# RCN collar rank pins?



## Privateer (4 Jul 2008)

I seem to recall seeing (in an antique store somewhere) what looked like miniature metal rank badges for RCN officers, which I assumed would have been worn on the collar of some old RCN pattern of dress.  I recall that they looked like the rank you'd wear on your sleeve, with the executive curl.  Is this right, or was I seeing things?


----------



## hugh19 (4 Jul 2008)

Nope you are not seeing things. My father still has a few of them.


----------



## Neill McKay (5 Jul 2008)

Privateer said:
			
		

> I seem to recall seeing (in an antique store somewhere) what looked like miniature metal rank badges for RCN officers, which I assumed would have been worn on the collar of some old RCN pattern of dress.  I recall that they looked like the rank you'd wear on your sleeve, with the executive curl.  Is this right, or was I seeing things?

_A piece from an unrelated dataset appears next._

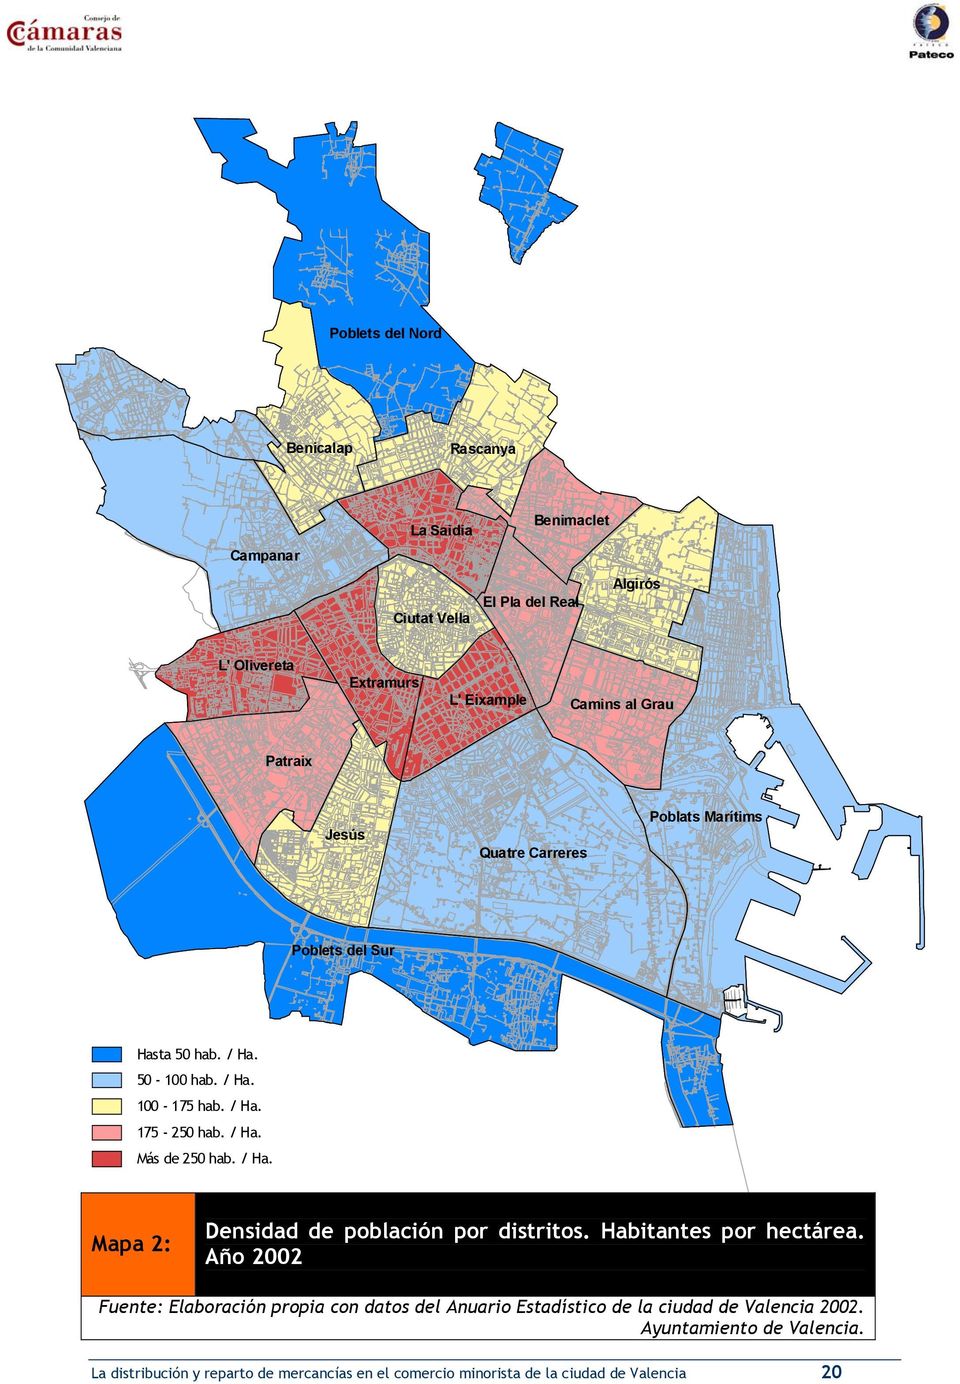 / Ha. Mapa 2: Densidad de población por distritos. Habitantes por hectárea.
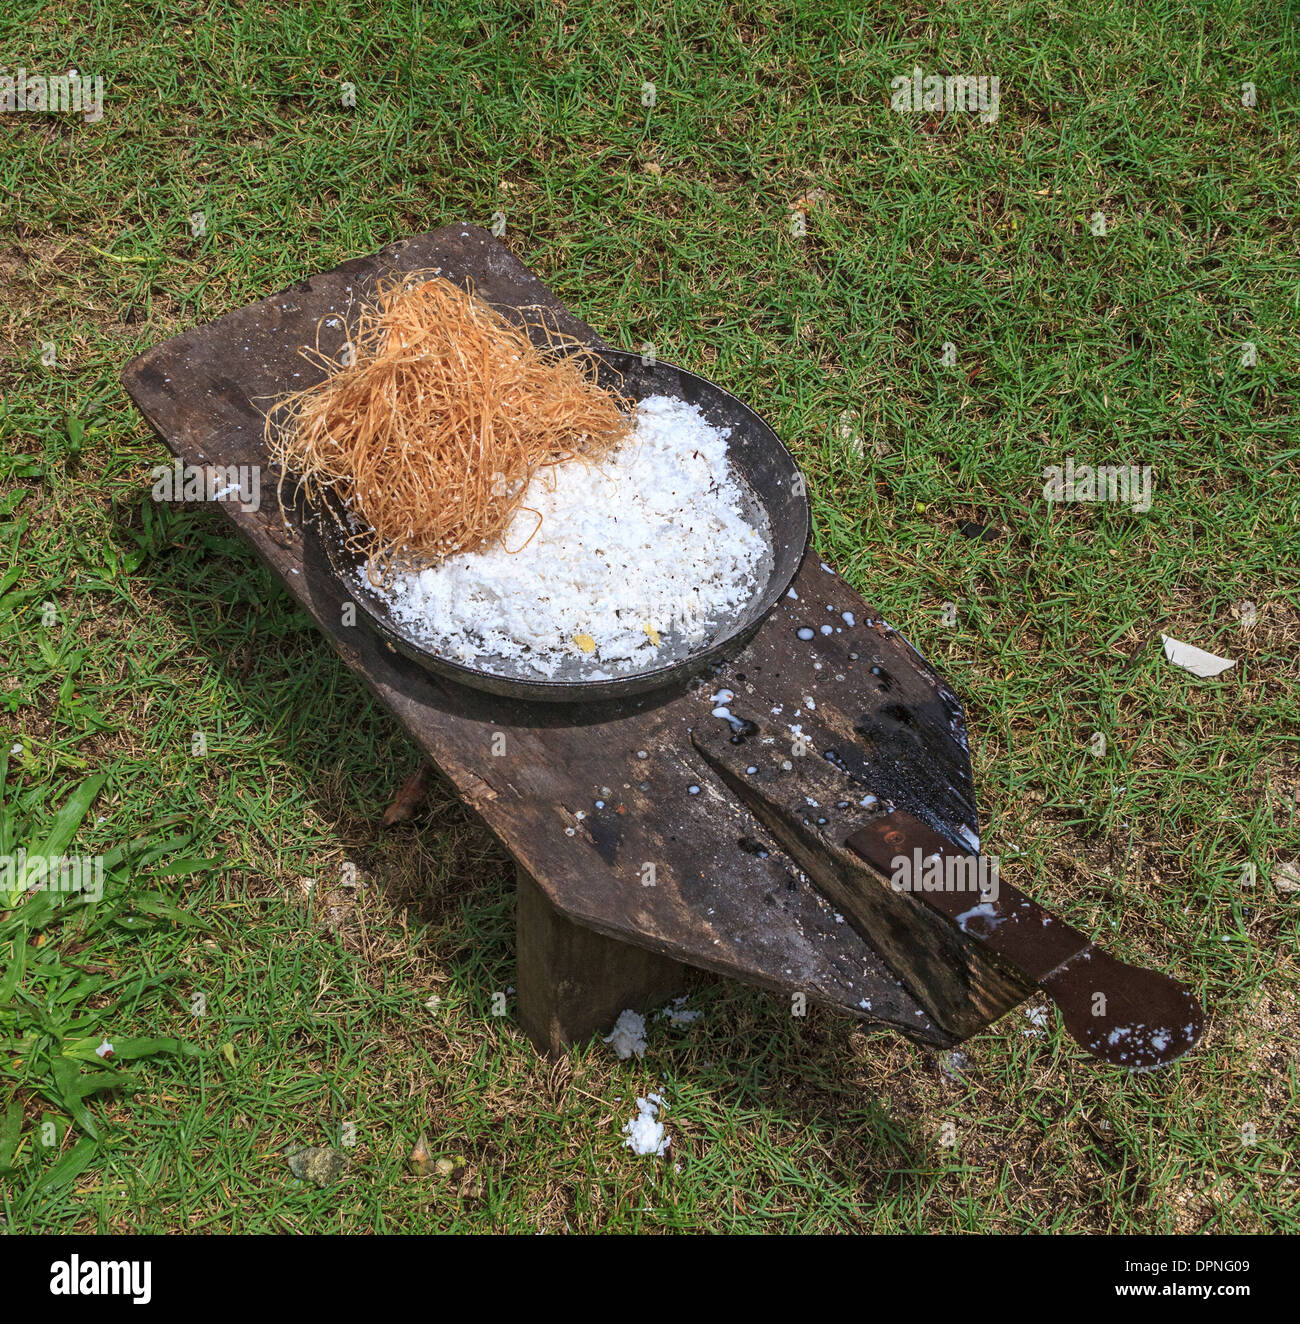 Recién coco rallado junto con hibiscus fibra árbol sentado en herramienta tradicional utilizado para destruir el coco en Micronesia. Foto de stock

For a time in the '60s there was a khaki service dress uniform similar (if not identical) to the USN khaki uniform: single-breasted khaki tunic with shoulder boards, khaki shirt with tie, etc.  The pins you describe were worn on the collar of the shirt.


----------



## Blackadder1916 (5 Jul 2008)

Here are photos (from the Cornwallis Museum) showing the khaki naval uniform.







The rank insignia on the shirt collar of the seated officer is visible (barely).

And khaki (summer) uniforms were also worn by the RCAF as well as the RCN (officers, CPOs and POs).


----------